The data also support what most have been saying about academic employment in biblical studies:

…candidates should focus on acquiring a Ph.D., obtaining teaching experience, and ensuring that interdisciplinary teaching or research is part of their repertoire.

…The overwhelming majority of positions, averaging 66.9% from 2001 through 2007, require—not simply desire—a Ph.D. and 69.2% of positions either require or desire prior teaching experience. While only 9.7% of positions require interdisciplinary teaching or research, 25.2% desired evidence of the skill or experience.

A few other notes:

Positions at Special Focus institutions and Doctorate-granting institutions report the lowest course load at 5.0 and 5.1 courses per annum. Associate institutions report 5.4 courses per annum, while Baccalaureate institutions report 5.9 courses per annum. Master’s institutions reported the highest course load at 6.7 courses per annum.

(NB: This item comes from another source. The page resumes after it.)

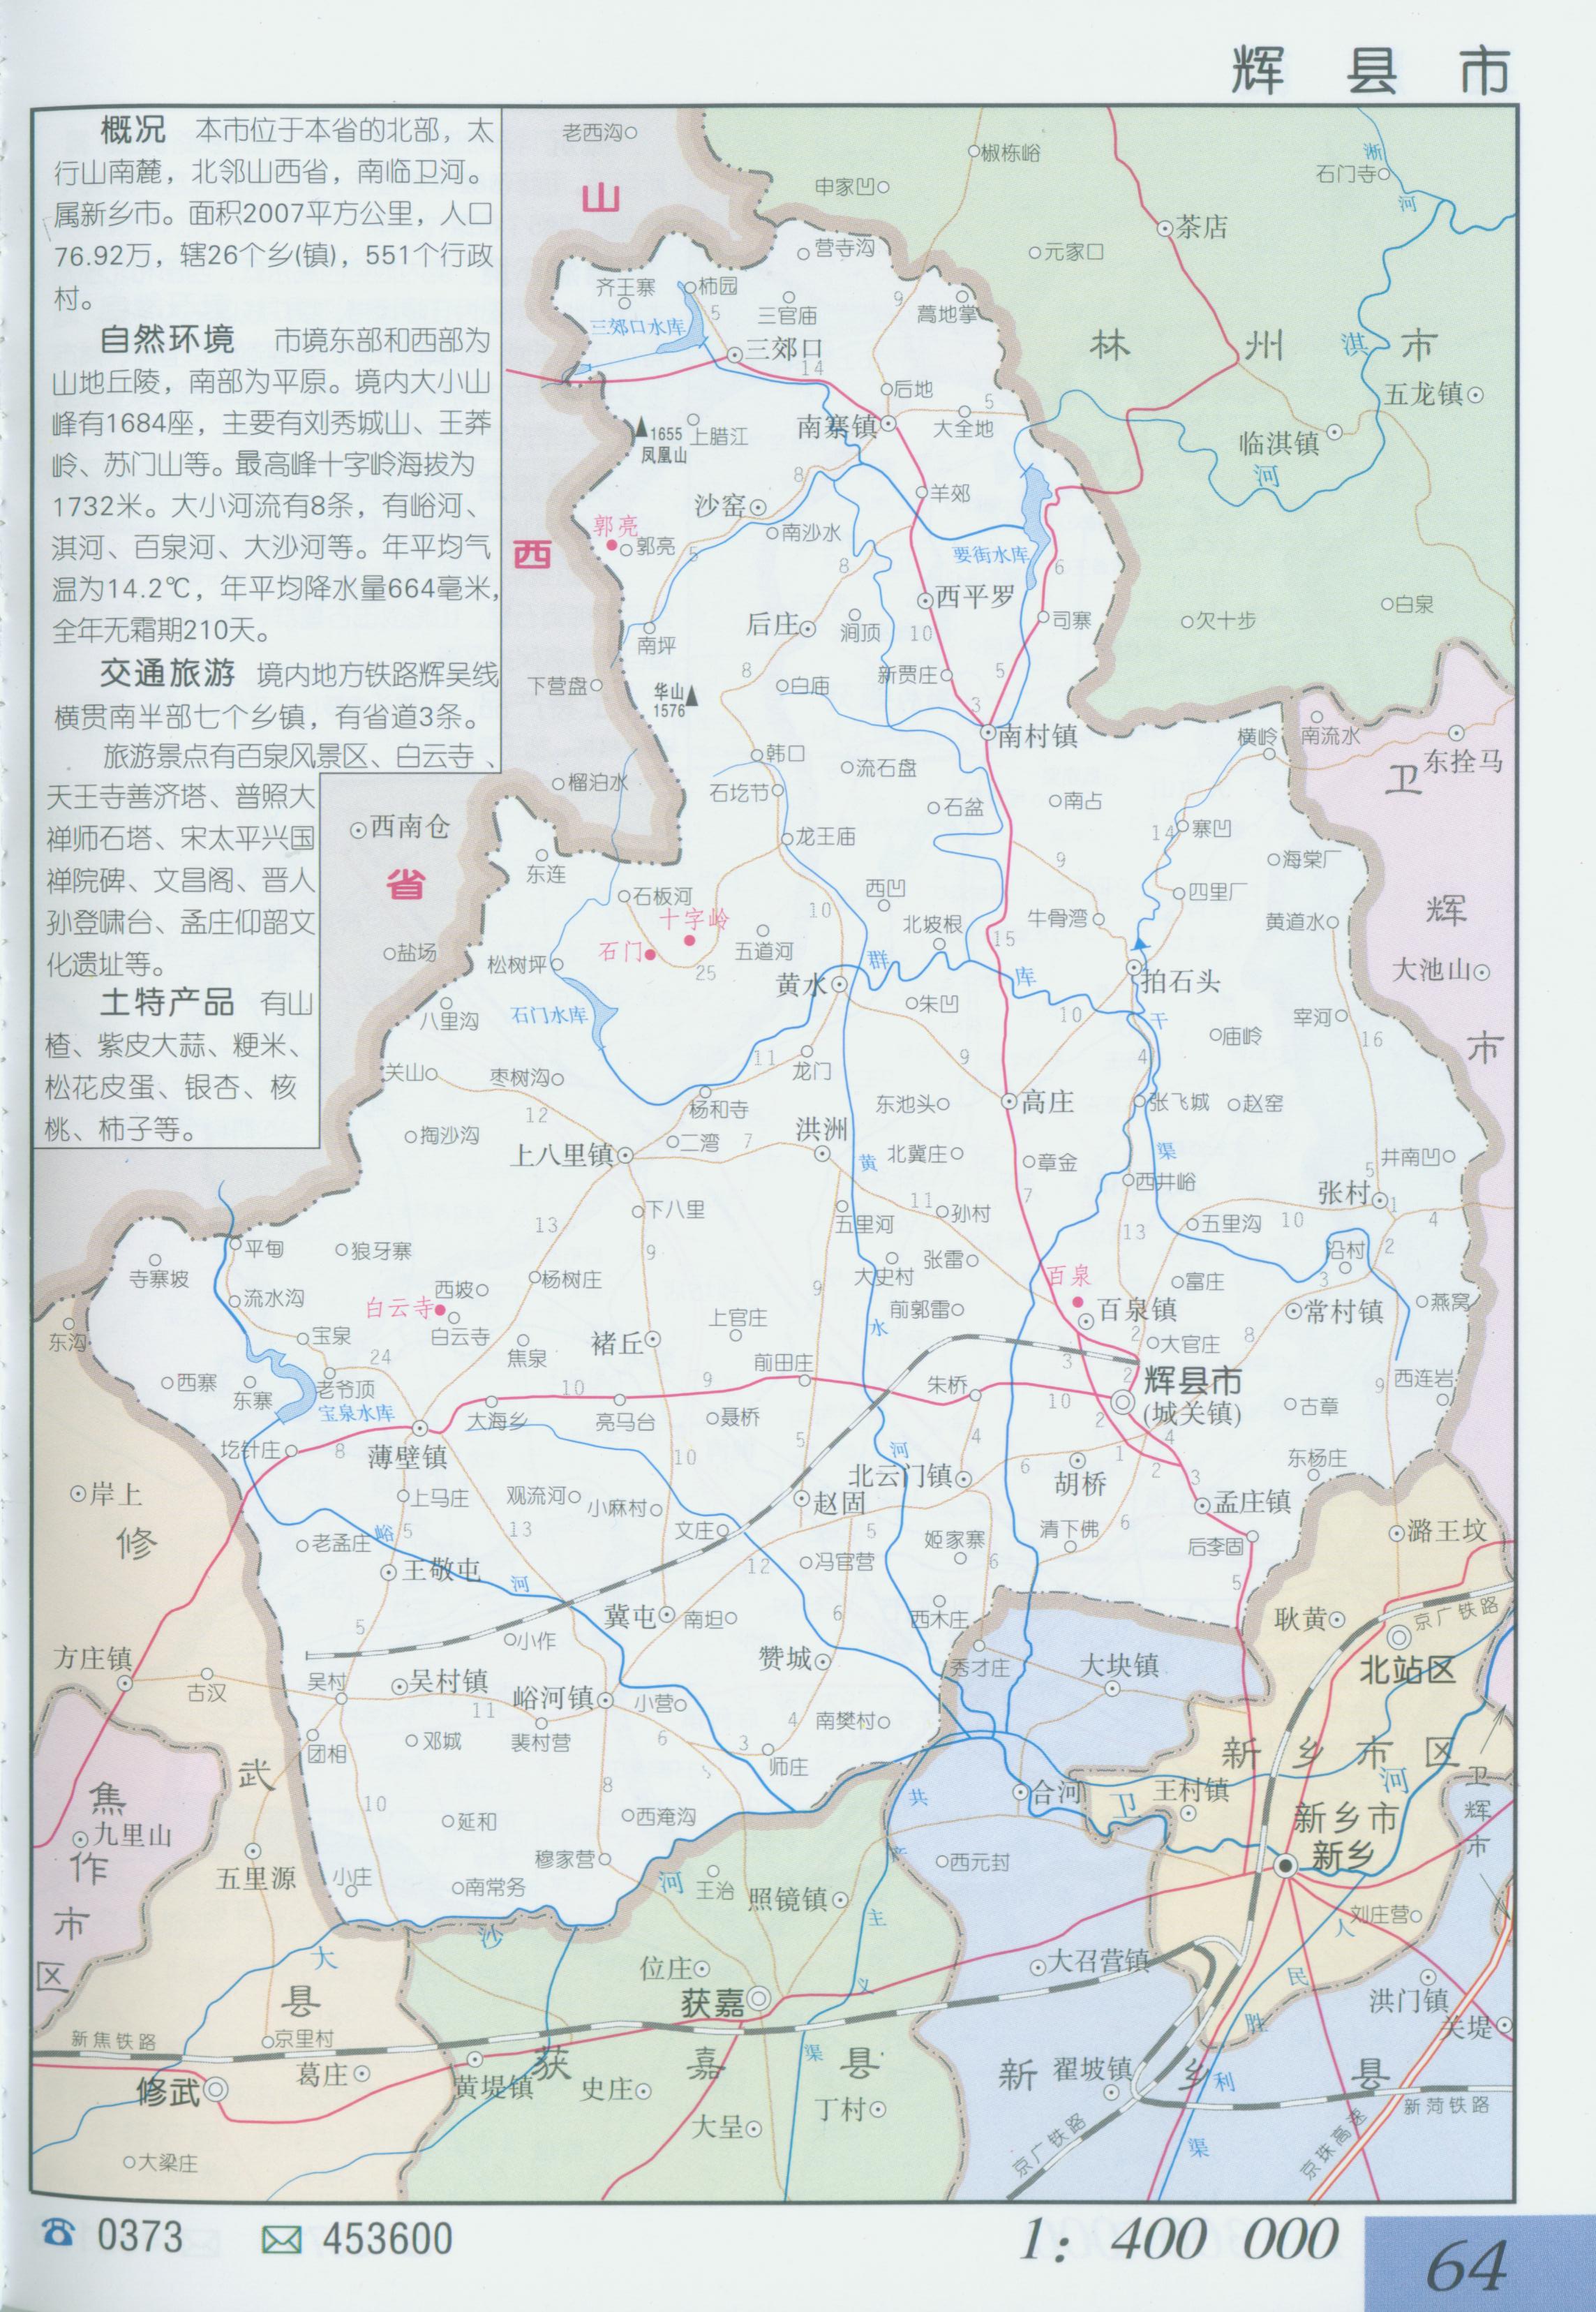 地图窝 中国 河南 新乡  (长按地图可以放大,保存,分享)图片

Most hires would teach three to six courses per annum: 77.6% of not-for-profit institution ads and 77.2% of public institution ads indicated that hires would teach three to six courses per annum. Not-for-profit institutions, however, more frequently indicated a higher course load: 66.5% of not-for-profit institution ads indicated that hires would teach five to eight courses per annum, which compares with 51.8% of public institutions ads.